I've looked far and wide and all I see are hypocrites...

Sarah Palin's seventeen year old daughter is pregnant. Now I know that Obama states that Palin's family is off-limits, but I disagree. Palin supports abstinence education, hmmm, how's that working out for you, Sarah? The Palin's are going to compound the issue by having their 17 year old daughter marry the father of the baby. Well, that sounds like a match made in Heaven.
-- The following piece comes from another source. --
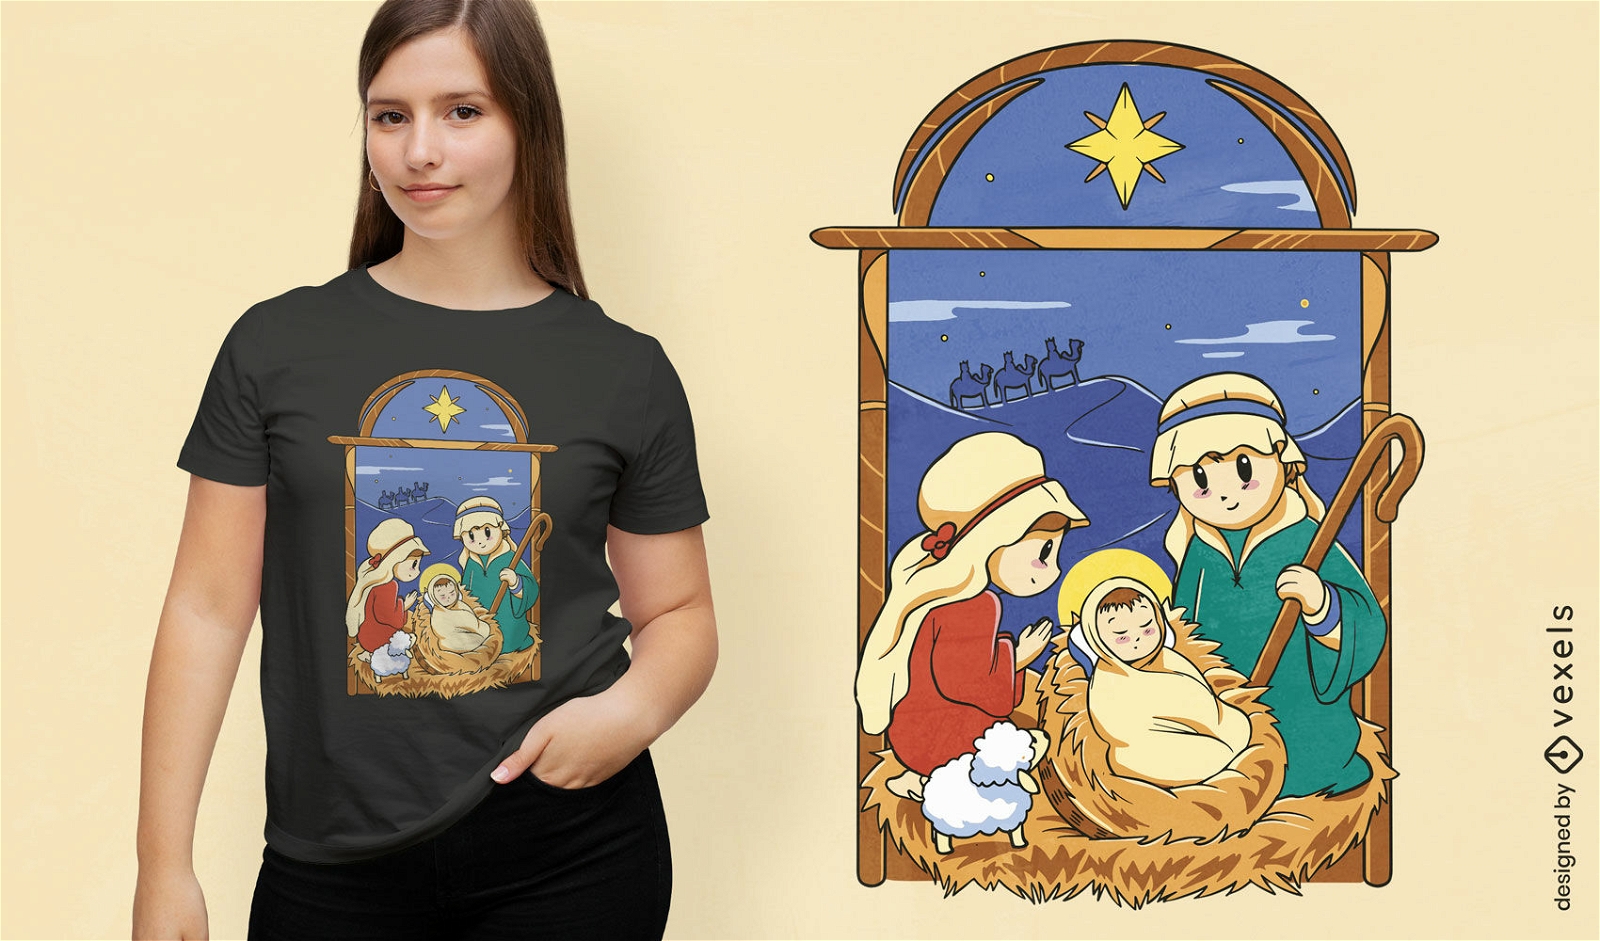 Birth of jesus christmas t-shirt design

What really burns my butt on this is the wrong-wing Christians who are rallying behind Palin. Oh, this just shows she's human. This can happen to any family. Blah, blah, blah. This is BS because you and I both know if the shoe was on the other foot and it was a Democrat's child, they would be all over it like white on rice. This, also burns my butt because this is a clearcut example of how abstinence education DOESN'T work.

I'm sorry this seventeen year old girl is going through a pregnancy the whole world knows about. I can only imagine how thrilled she must be that her mother's running for VP, so this is no longer a private family matter. I wonder if she even loves the guy she now has to marry to help her mother save face?

And, on top of all this, I have to hear from my mom that: 1) Palin should resign, so she can take care of her family and 2) if she wasn't governor, her daughter wouldn't be pregnant out of wedlock. Like somehow working mothers are to blame when their children are pregnant out of wedlock and the fact that my mom was a stay at home mom is the only reason I didn't end up being a pregnant teenager. (Trust me, Mom, that had nothing to do with it.)